An Update to the ImageNet Website and Dataset
March 11, 2021
We are proud to see ImageNet's wide adoption going beyond what was originally envisioned. However, the decade-old website was burdened by growing download requests. To serve the community better, we have redesigned the website and upgraded its hardware. The new website is simpler; we removed tangential or outdated functions to focus on the core use case—enabling users to download the data, including the full ImageNet dataset and the ImageNet Large Scale Visual Recognition Challenge (ILSVRC).
Meanwhile, the computer vision community has progressed, and so has ImageNet. The dataset was created to benchmark object recognition—at a time when it barely worked. The problem then was how to collect labeled images at a sufficiently large scale to be able to train complex models in laboratories. Today, computer vision is in real-world systems impacting people's Internet experience and daily lives. An emerging problem now is how to make sure computer vision is fair and preserves people's privacy. We are continually evolving ImageNet to address these emerging needs.

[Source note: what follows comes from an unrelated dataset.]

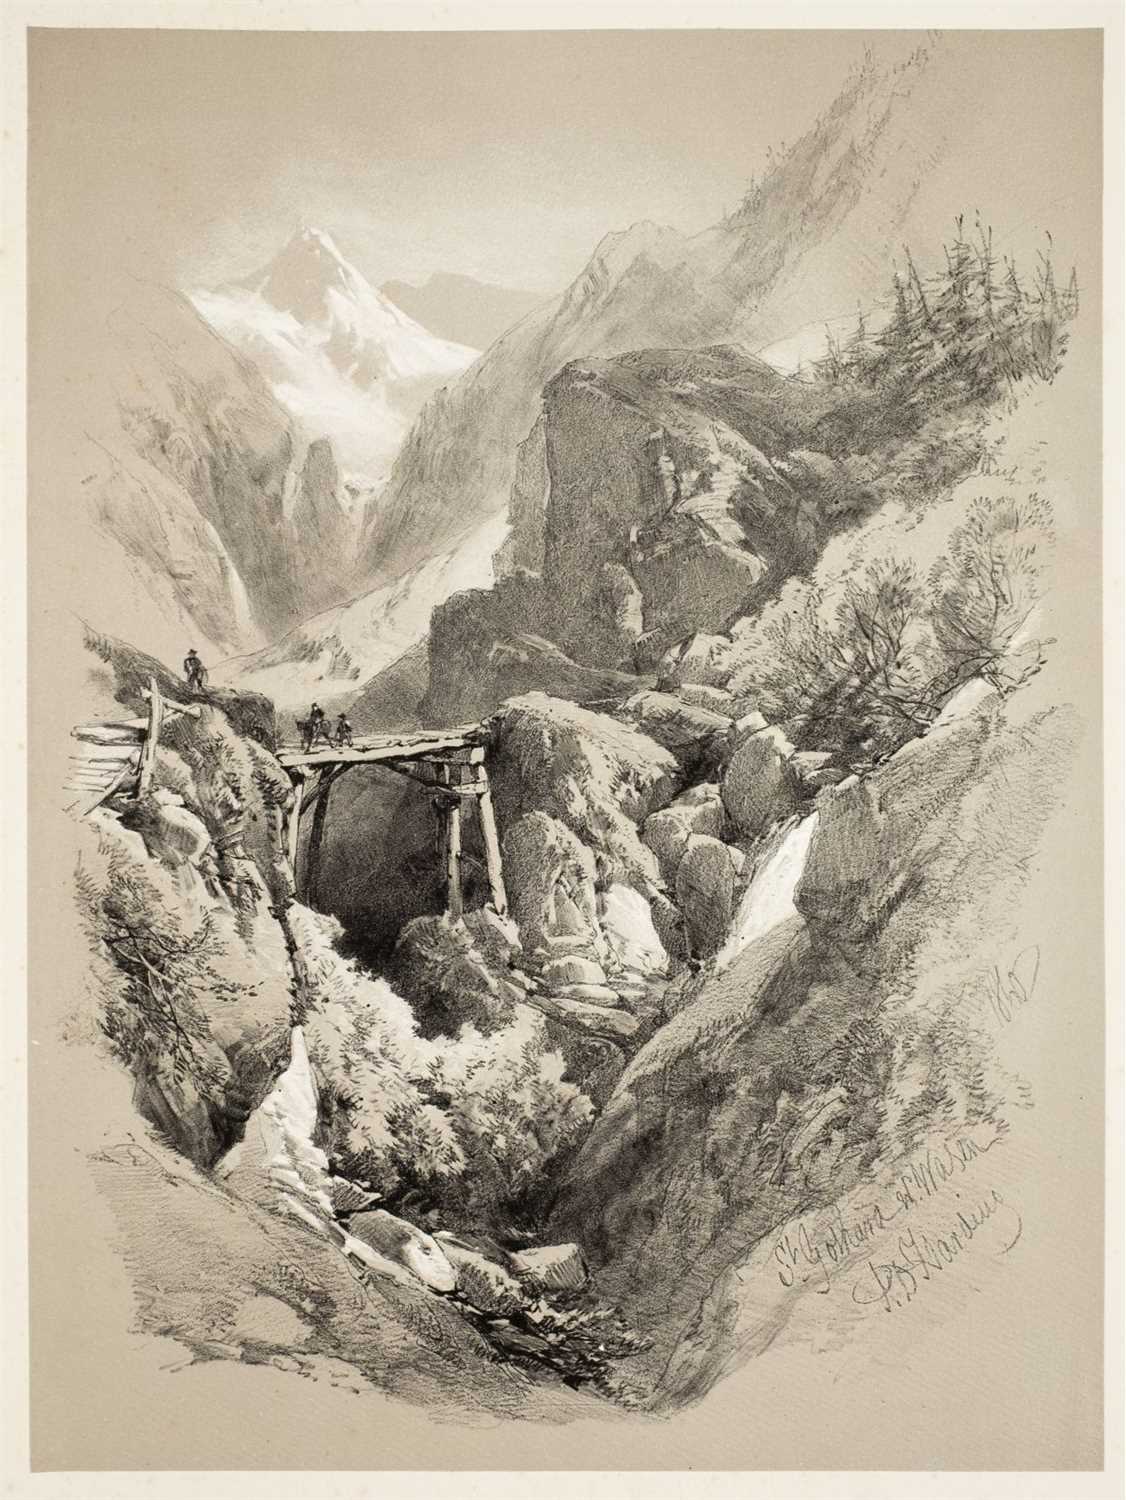 Lot 81 - Harding (James Duffield). Picturesque Selections: Drawn on Stone by J. D. Harding, [1861]

In a FAT* 2020 paper, we filtered 2,702 synsets in the "person" subtree that may cause problematic behaviors of the model. We have updated the full ImageNet data on the website to remove these synsets. The update does not affect the 1,000 categories in ILSVRC.
In a more recent paper, we investigate privacy issues in ILSVRC. 997 out of 1000 categories in ILSVRC are not people categories; nevertheless, many incidental people are in the images, whose privacy is a concern. We first annotated faces in the images and then constructed a face-blurred version of ILSVRC. Experiments show that one can use the face-blurred version for benchmarking object recognition and for transfer learning with only marginal loss of accuracy. We release our face annotations to facilitate further research on privacy-aware visual recognition.